- Born: 1030 Ukbara, Iraq
- Died: 1083, 1086 or 1095 Jurjan, Iran
- Cause of death: Murder

Academic work
- Era: Later Abbasid era, (Islamic Golden Age)
- Main interests: biography history, genealogy, etymology, orthography
- Notable works: Kitāb al-Ikmāl

= Ali ibn Makula =

Islamic Scholar of Later Abbasid era

Abū Naṣr Alī ibn Hibat Allāh ibn Ja'far ibn Allakān ibn Muḥammad ibn Dulaf ibn Abī Dulaf al-Qāsim ibn 'Īsā al-Ijlī, surnamed Sa’d al-Muluk and known as Ibn Mākūlā (ابن ماكولا; 1030/31–1082/83) was a highly regarded Arab muḥaddith (Ḥadīth scholar) and historian who authored several works. His magnum opus was his biographical-genealogical history on etymology and orthography of Islamic names, Al-Ikmāl.

==Life==
Abū Naṣr ibn Mākūlā was born in the village Ukbara on the Tigris north of Baghdad to a noble Arab family. He was the son of Hibat Allah ibn Makula, vizier to the Buyid ruler of Basrah, Jalal al-Dawla.

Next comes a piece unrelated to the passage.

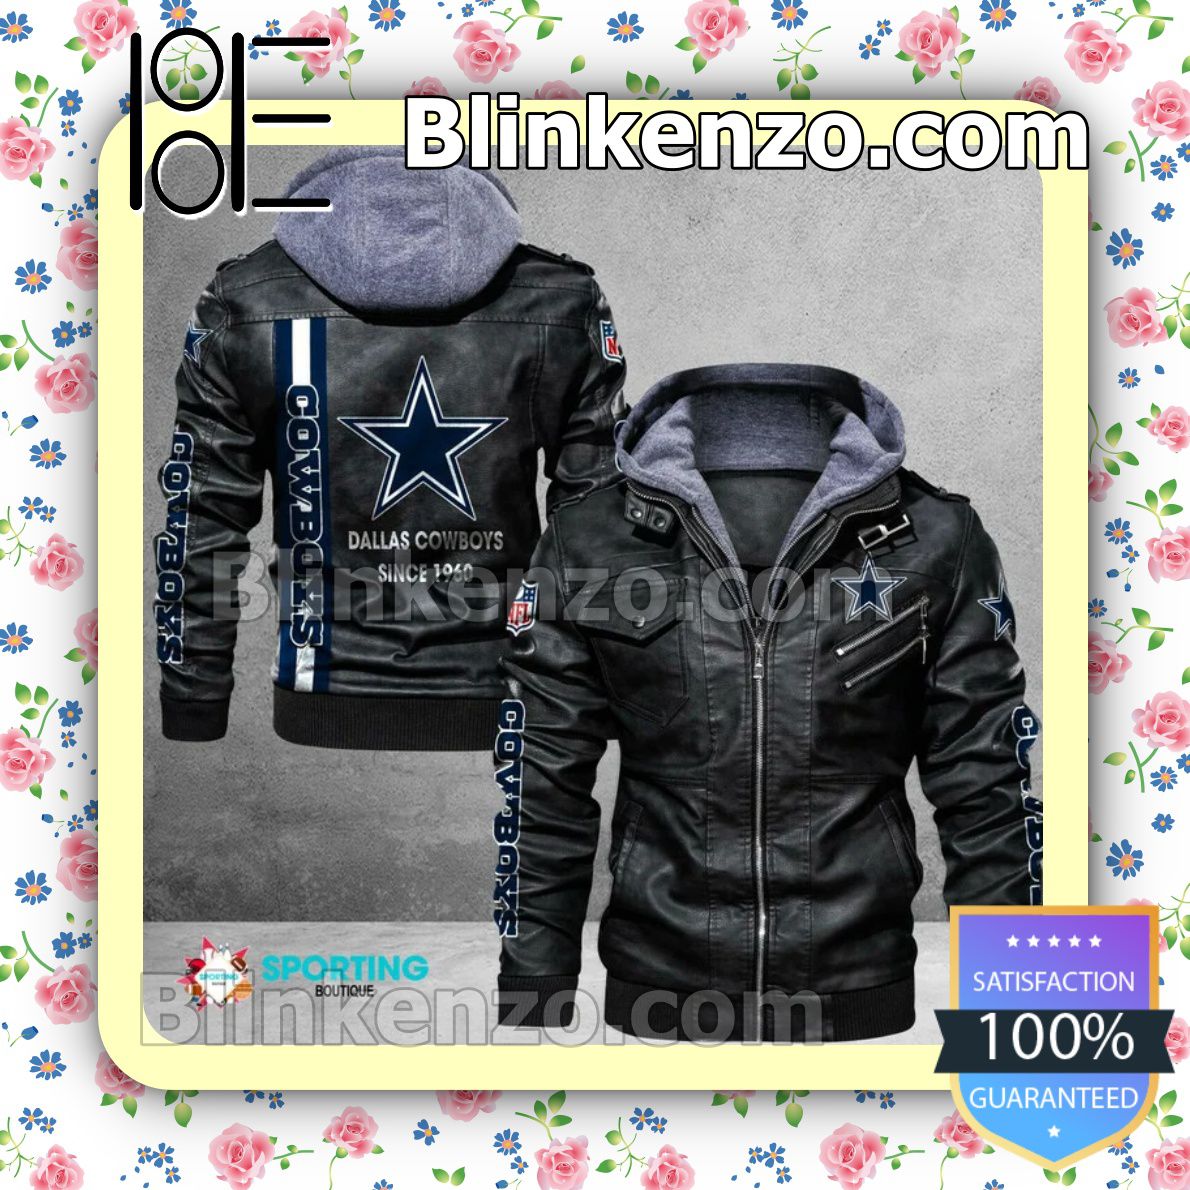 Nfl Dallas Cowboys Since 1960 Motorcycle Leather Jacket

He gained the title 'al-Amīr' (أمير), or 'prince', maybe in his own right, or in reference to his famous ancestor Abu Dulaf al-Ijli. His family had originally come from Jarbāzakān, between Hamadan and Isfahan in Iran, but his paternal uncle, was a muḥaddith (traditionist), and qāḍī (chief justice) in Baghdād where Ibn Mākūlā began his studies. He continued his education by travelling to the regional centres of learning across Irāq, Khurasan, Syria, Egypt, and Fars. In the last years of his life he held various official posts in the imperial administration of the Seljuk Empire, and once led an embassy to Bukhara to obtain the recognition of the new Abbasid Caliphate caliph al-Muqtadi (1075–1094).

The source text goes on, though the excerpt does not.